The British actress Tilly Norwood began appearing in viral videos and short films across the internet earlier this year. She is young, fresh-faced, with girl-next-door vibes. She will be signed by a major talent agency soon.
But Tilly Norwood is not real. She is an artificial-intelligence synthetic. She is not in the real world, not embodied. She is not a person or an actress. She is a digital Frankenstein’s monster of video software and ChatGPT. Tilly was created by Particle6 Productions, an AI studio founded by Dutch comedian and actress Eline Van der Velden. Tilly is her project. Van der Velden moved to the UK when she was 14 to study drama and musical theater – and Tilly is fairly clearly her idealized self. Tilly, and by extension Van der Velden, is increasingly famous.
Tilly represents an inflection point for the entertainment industry. The buzz and controversy around her feels like a marketing ploy by Particle6 Productions, part of a rollout or testing process in which the public’s willingness to accept AI replacements for actors is being measured and analyzed. Traditional executives and agents must be watching closely.
If Tilly fails, there will be other Tillys and other AI studios that will attempt to succeed where she didn’t. Studios and agencies have every incentive to replace expensive human capital, expensive human stars, with comparatively cheap simulacra. Her creators say she can reduce production costs by 90 percent. And the technology that makes Tillys will only get cheaper. Human replacement is already happening in other artistic industries. Spotify recently announced it will be working with major studios to develop AI music. It is already sucking streams away from real musicians.
But the visceral shock from AI simulation will be even greater in film than in music, as we both see and hear these creations. Van der Velden has compared Tilly to the use of CGI. That leaves us movie-goers in a position where we must delineate the line between CGI – which is widely acceptable as ethical – and the Tillys of the world. We know that Robert Downey Jr. isn’t really doing all the things Iron Man does, but we don’t mind – at least not morally. But to imagine Tilly integrated in a live-action movie the same way that CGI is provokes a disturbed response.
This discomfort is not irrational. If AI becomes able to convincingly capture the full range of human expression – if it becomes indistinguishable from actors on film – then we will have arrived at a dangerous place. First, because the consequences for actors are existential. Second, because our collective sense of reality will be at risk. We may come to prefer the artificial to the real. The age of apps has taught us that humans can easily fall prey to this temptation. We like the frictionless, easy options offered by apps and we ignore their trade-offs: heightened isolation, digital addiction, coarsened social bonds. Apps – by reducing opportunity costs and by creating sanitized digital pathways for real experience – have made dating, eating and communicating worse. People will swipe incessantly on Hinge rather than date, order delivery rather than cook or go out and text rather than talk. Simulated actors pose the same risk.
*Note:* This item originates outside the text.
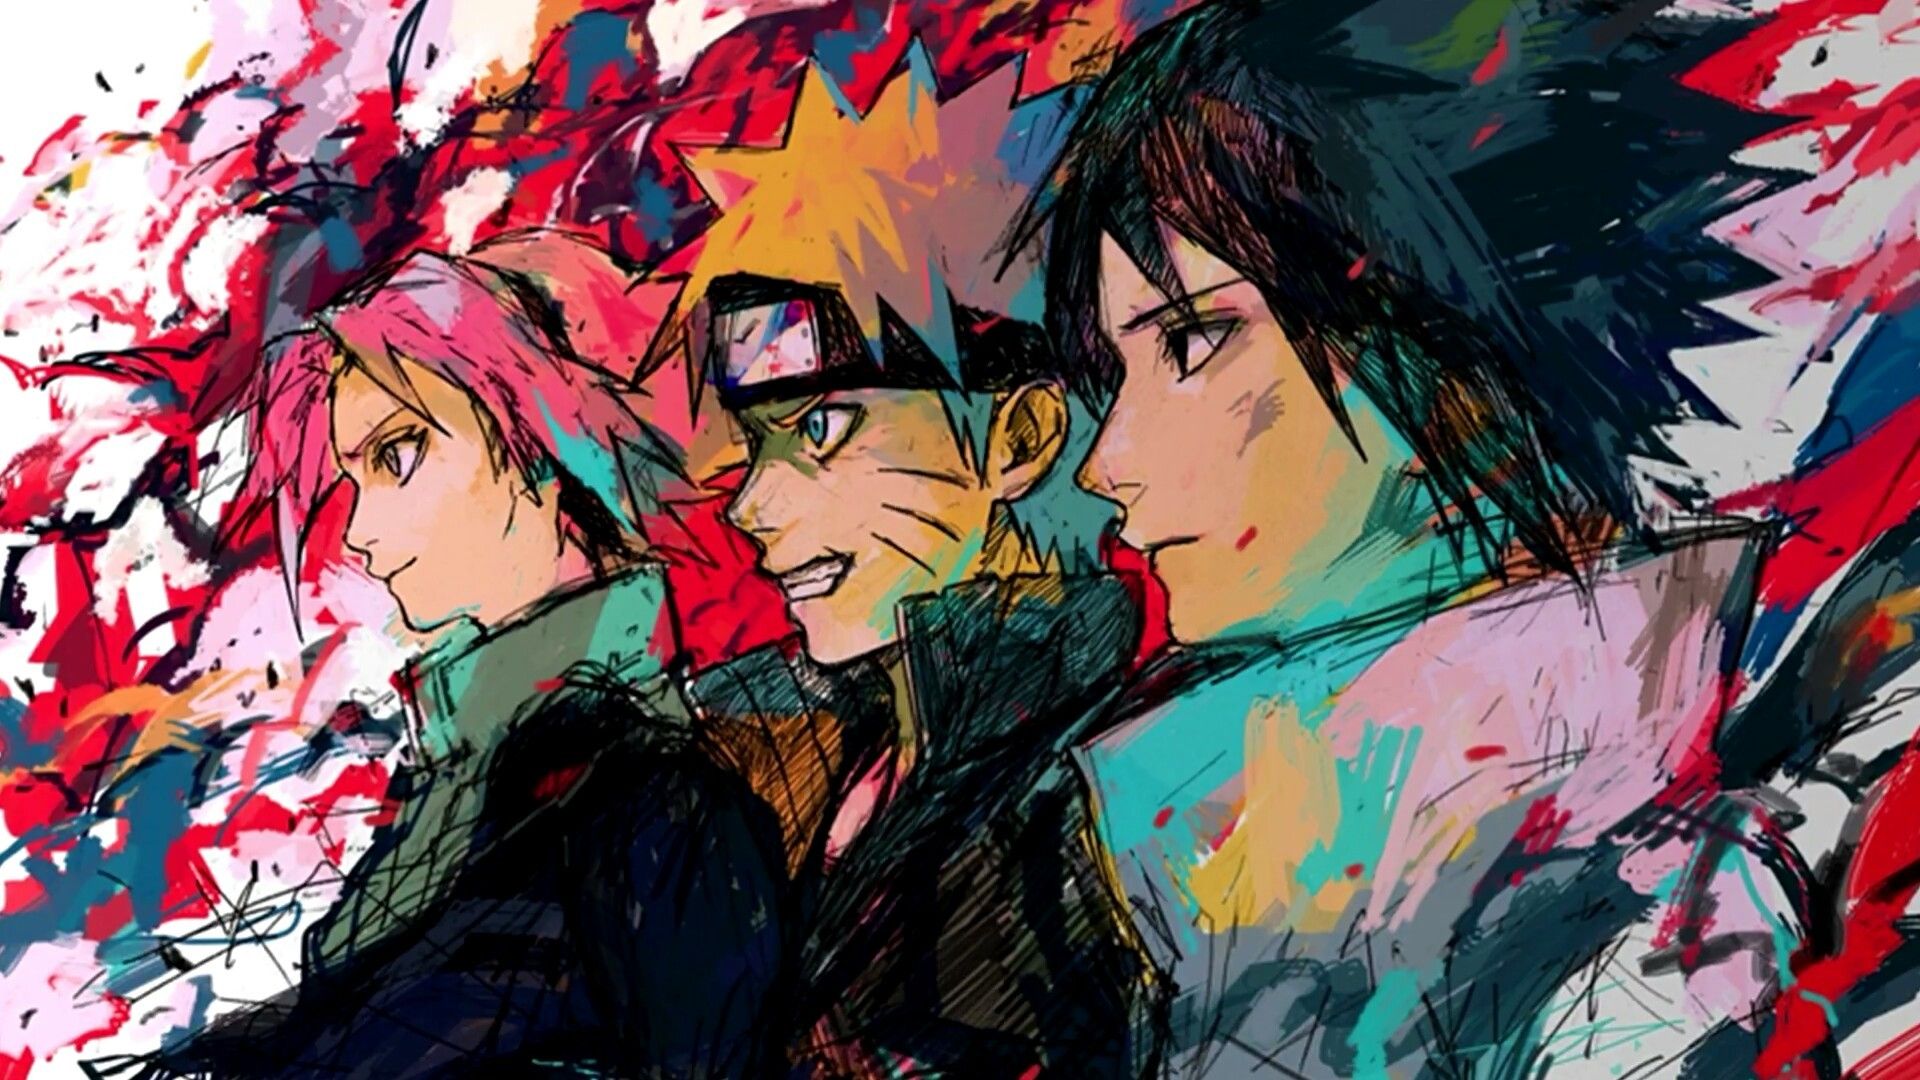 100+] Naruto Manga Wallpapers

And they’re worse, too. AI can only re-present us with what we’ve already made. Tilly can only predict what an actor – in her case, a British female millennial actor – might do, how they might act. It is pure pastiche, recursion. To become accustomed to this, to want this, is to lose taste for the unpredictable, the strange, the uncanny, the circumstantial and accidental things that happen on set when great actors, writers and directors collaborate: an unscripted moment of hesitation, a look that wasn’t in the script, the way weather or location affects a scene. We will lose our taste for the subtler nuances of light and sound and embodied human acting. Will we also lose our taste for human behavior?
Even before the intrusion of AI, digital streaming content had become predictable and stupid. This content will be derivative of this derivative slop. When we use the word slop, this is what we’re referring to – recursive, median, flavorless products. To have a taste for slop is to have no taste at all.
Outrage and statements from Hollywood actors and producers will not be enough to stop Tilly’s rise. The economic incentives for media and AI companies to push this slop are too high, and there are very few checks in place that could possibly work.
There’s no free-market solution, but there is a free-spirit solution. The only real hope lies in consumers, viewers, tastemakers. The only rational response to the rise of Tilly Norwoods is for filmmakers and the studios that still wish to produce great movies to double down on analog methods, and for actors to spend more time in the theater.
Those of us who produce televisual media must redouble our efforts to provide consumers a meaningful alternative to AI streaming slop. We will have to give audiences the reason to prefer human experience over AI falsehoods.